BRIEF DESCRIPTION OF THE DRAWINGS
For a better understanding of the present invention, reference may be had
to the following detailed description taken in conjunction with the
accompanying drawings in which:
FIG. 1 is a cross-sectional view of one form of prior art radiation
detector;
FIG. 2 is a cross-sectional view of another form of radiation detector;
FIG. 3 is a cross-sectional view of a radiation detector incorporating the
teaching of the present invention in one form; and
FIG. 4 is a cross-sectional view of a radiation detector incorporating the
teaching of the present invention in another form.

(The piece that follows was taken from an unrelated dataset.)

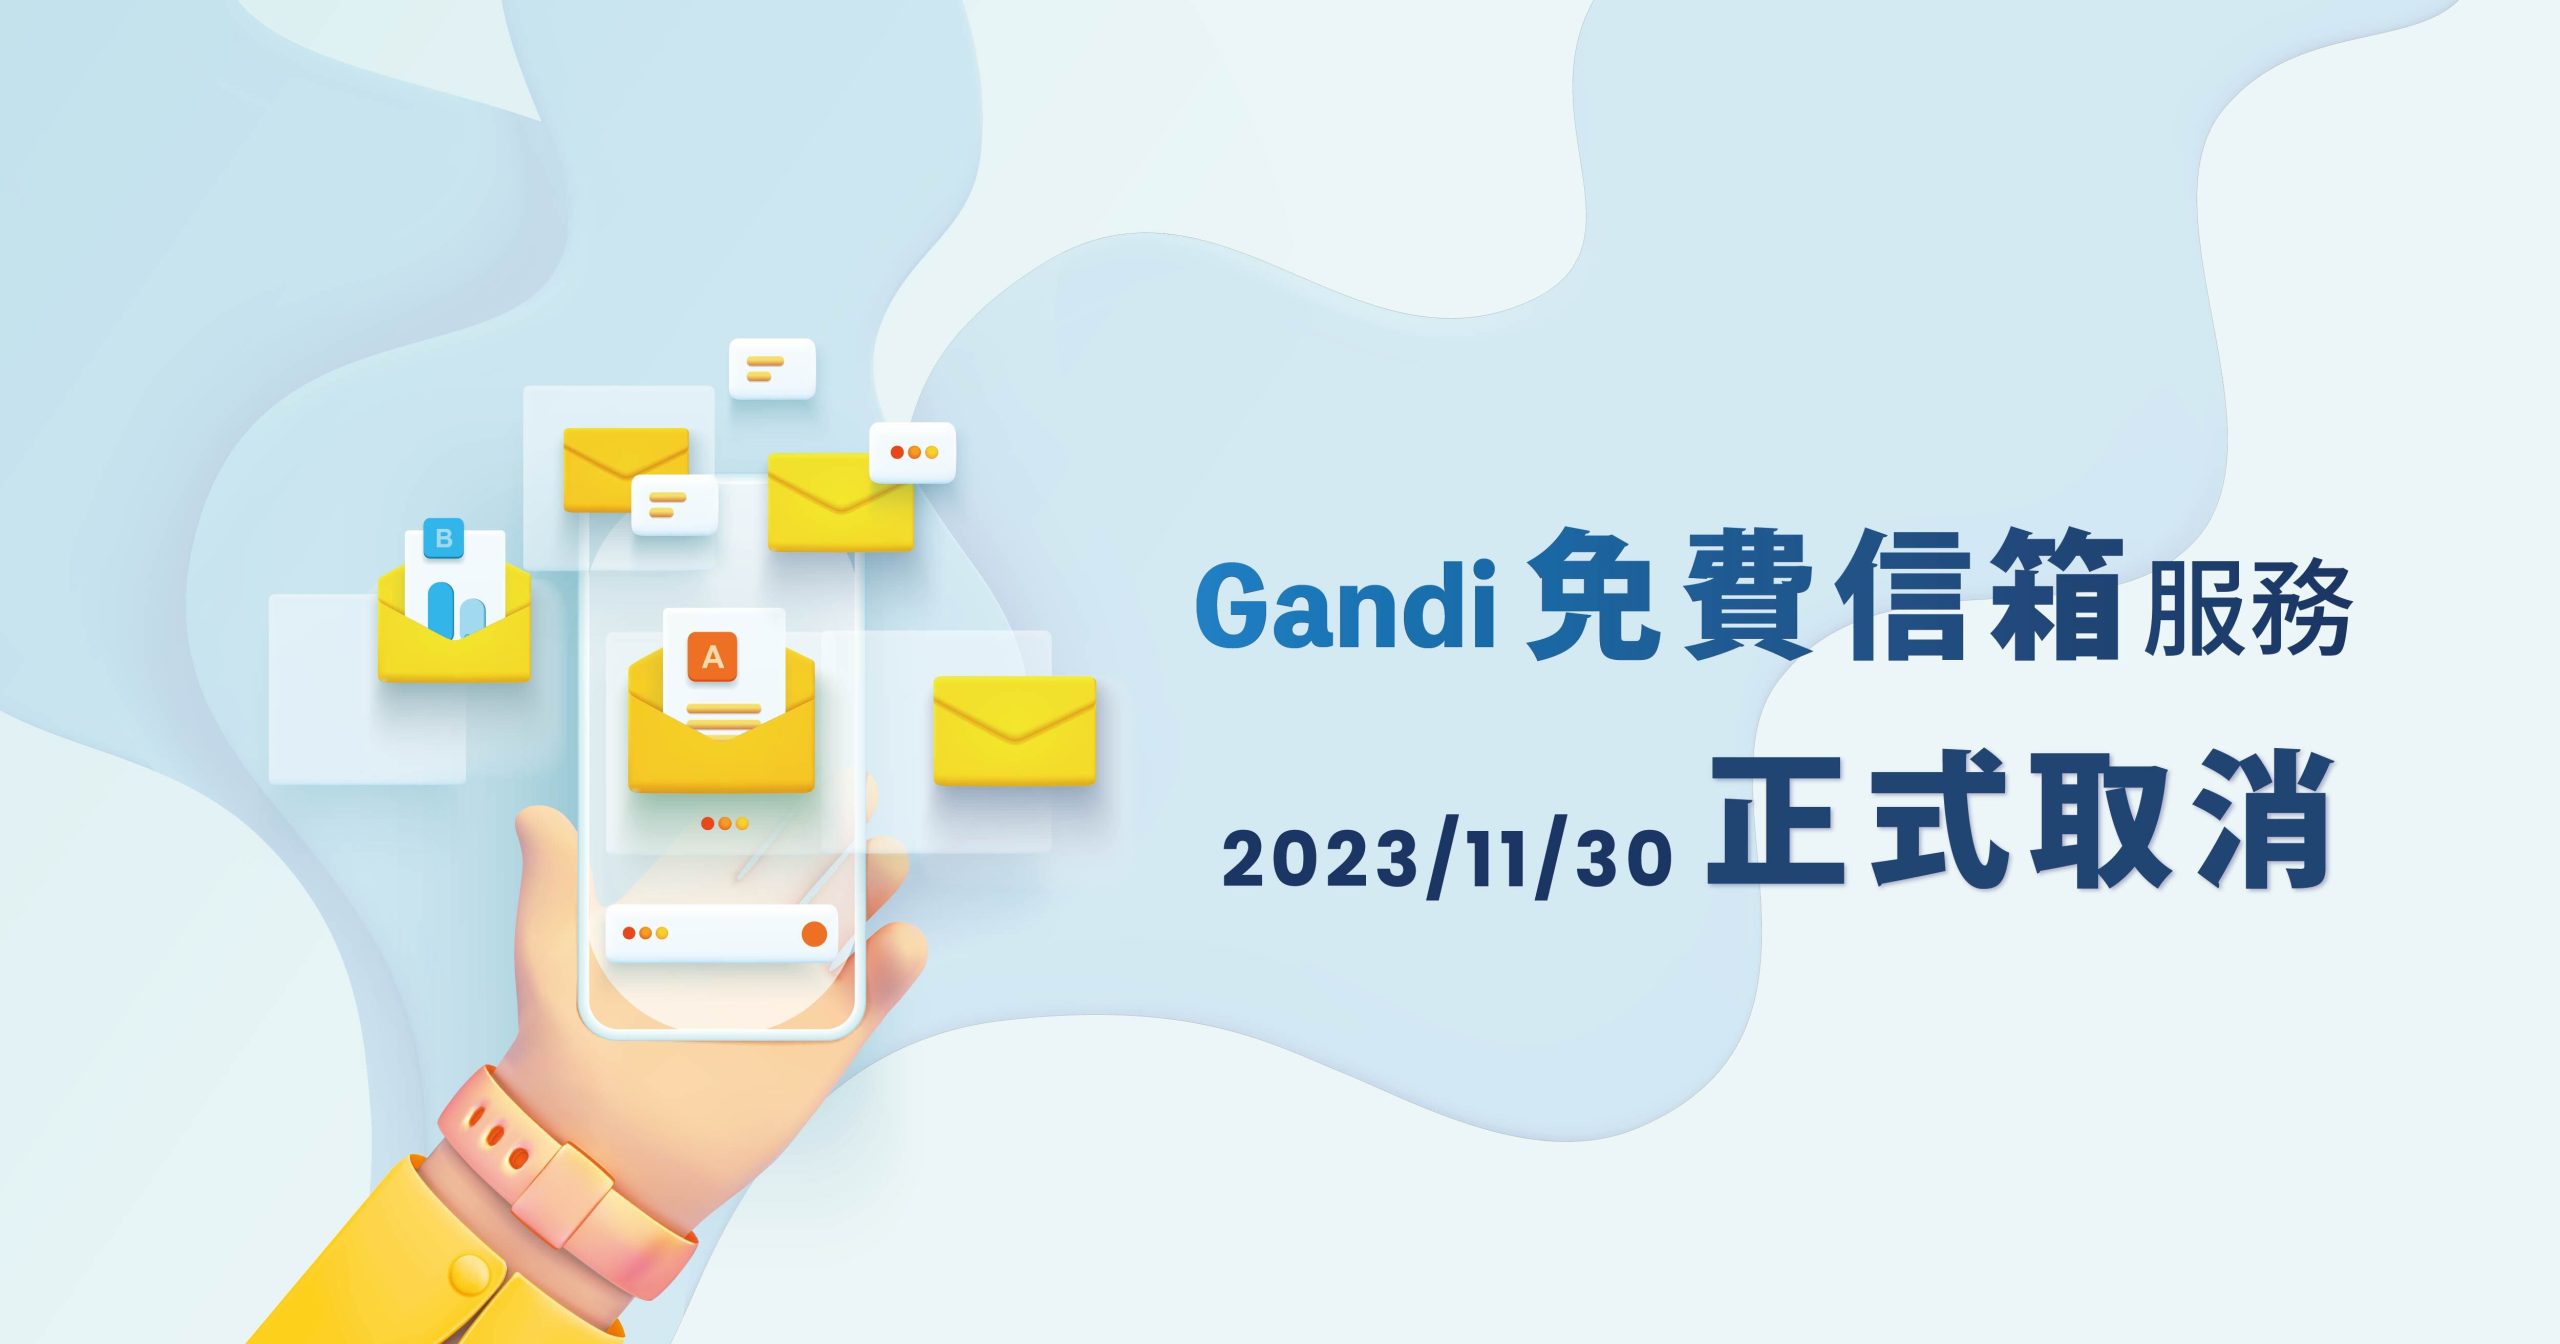 Gandi免費信箱服務將於 2023/11/30正式取消

DETAILED DESCRIPTION OF THE INVENTION
Before turning to a description of the present invention, reference is
first made to FIG. 1 which illustrates an X-ray detector 10 having a
housing 12 of a metal or metal alloy and having an end plate 14 of metal
or metal alloy attached to it by bolts 16. The end plate is sealed to the
housing 12 by an 0-ring seal 18 made of compressible material such as
rubber. The housing 12 includes a chamber 20 closed at one end by a window
22 formed of a relatively thin sheet of material readily penetrated by
X-rays, for example, aluminum. The opposite end of the chamber 20 is
closed by the end plate 14. Extending through the end plate 14 are
collector plates 24, 26 which are sealed by tape or epoxy seals 28, 30,
respectively. Also disposed in the chamber are electrically conductive
voltage plates 32, 34 connected by electrical conductors 36, 38,
respectively, to electrical contacts 40, 42, respectively, which extend
through the end plate 14 and are sealed with gaskets 44, 46. While shown
as including multiple collector plates and multiple voltage plates, many
of such collectors are simply provided with a single collector plate and a
single electrically conductive plate. Radiation enters the chamber 20
through the window 22 and ionizes a gas, such as, for example, xenon gas,
contained within the chamber 20. The electrical charge on the voltage
plates 32, 34 causes the ions to migrate toward the conductive elements on
the collection plates 24, 26 where the accumulated charge is measured as
an electrical current. In this manner, the magnitude of the X-ray
radiation penetrating into the chamber 20 is determined by means of the
transfer of charge to electrical conductors on the circuit boards 24, 26.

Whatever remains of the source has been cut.